=== Work task ===
Starting with the line that holds "Splendid classicist Swedish", reproduce each line through the last one of the data, exactly as written. Pictures are not copied.

*** Data segment ***

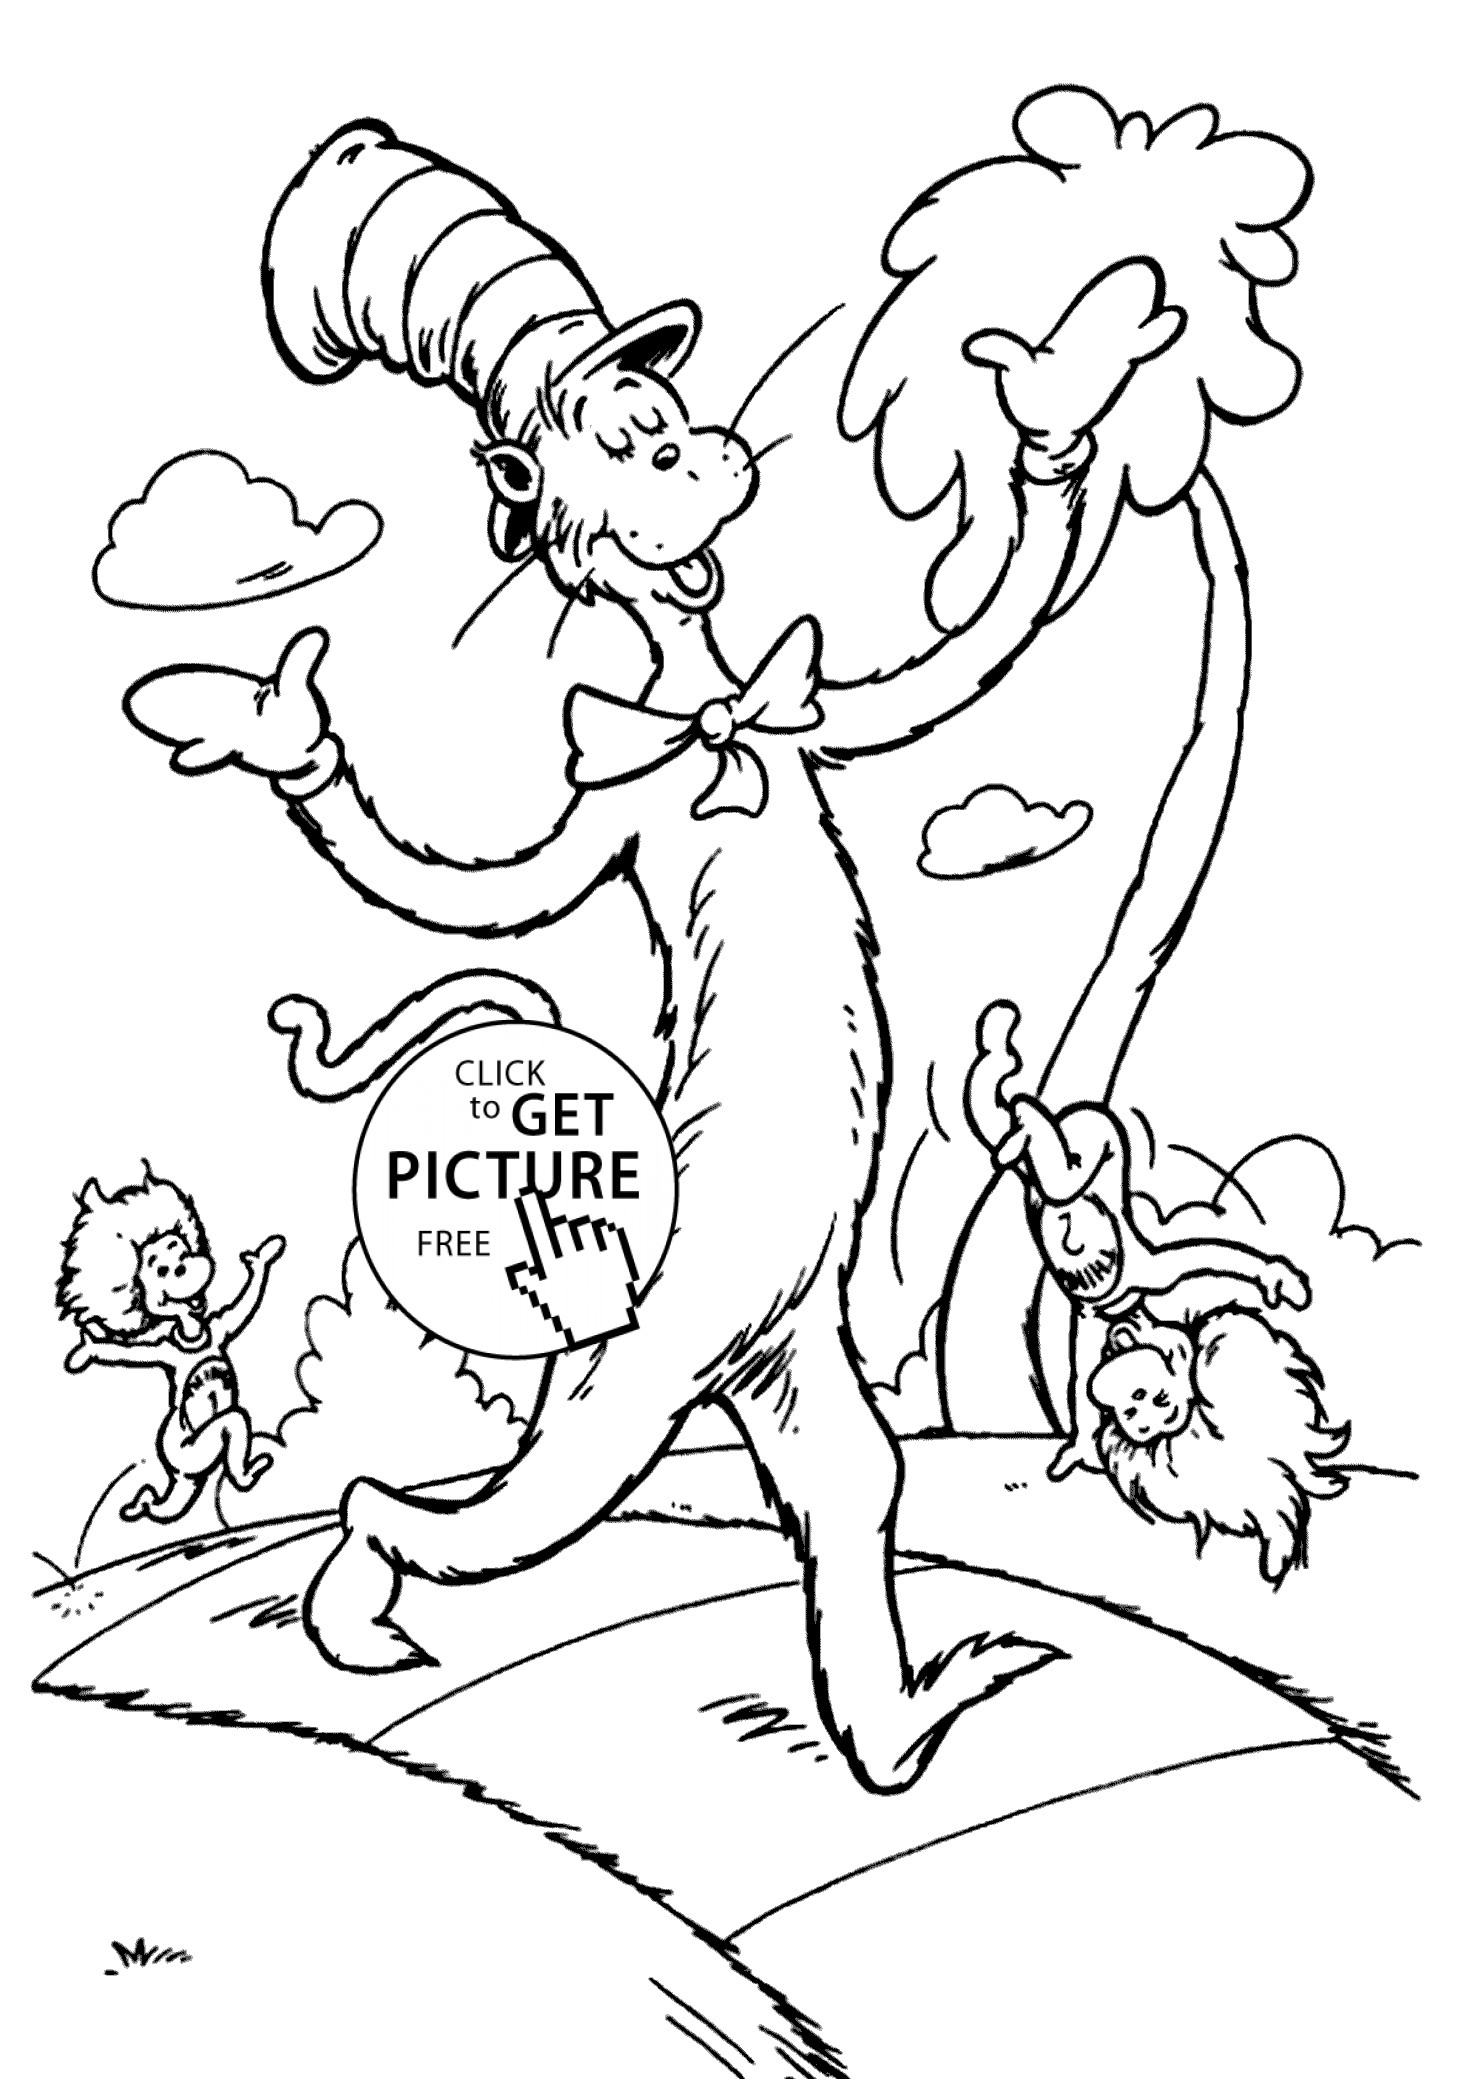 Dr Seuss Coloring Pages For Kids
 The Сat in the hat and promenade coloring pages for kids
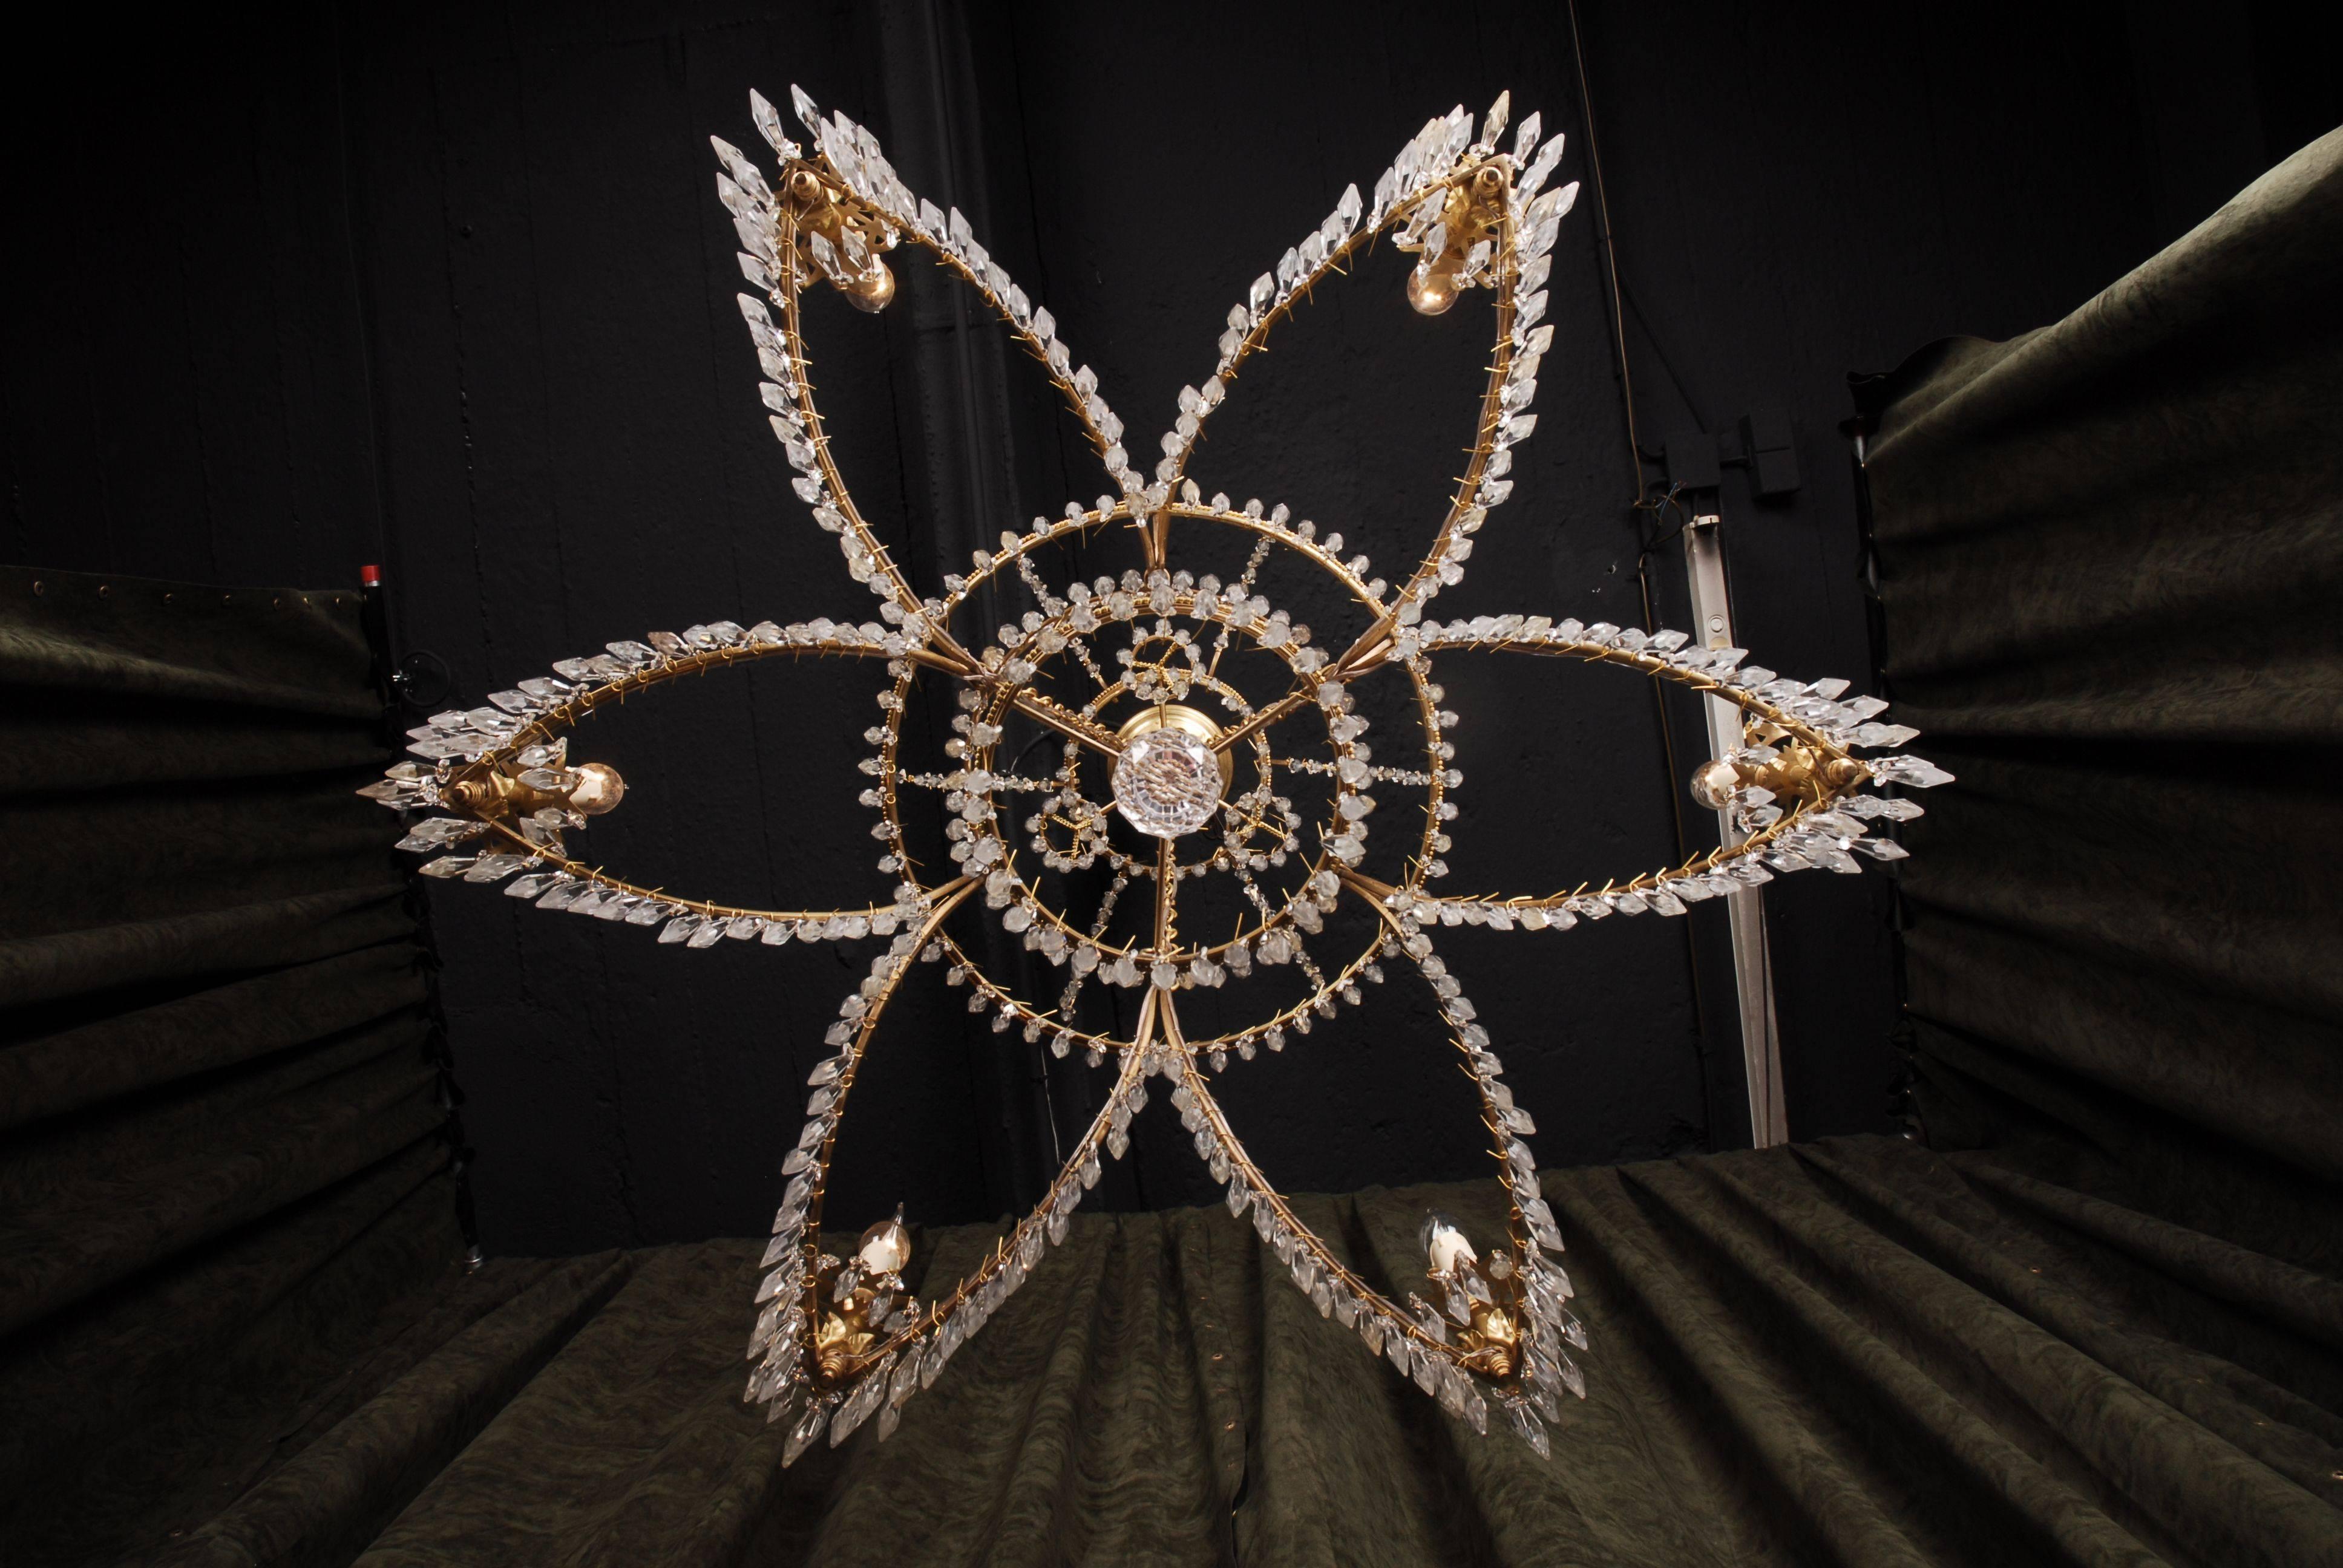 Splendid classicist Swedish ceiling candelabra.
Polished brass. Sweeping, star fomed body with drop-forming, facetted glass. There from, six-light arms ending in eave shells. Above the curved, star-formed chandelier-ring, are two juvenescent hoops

***

=== Written response ===
 Splendid classicist Swedish ceiling candelabra.
Polished brass. Sweeping, star fomed body with drop-forming, facetted glass. There from, six-light arms ending in eave shells. Above the curved, star-formed chandelier-ring, are two juvenescent hoops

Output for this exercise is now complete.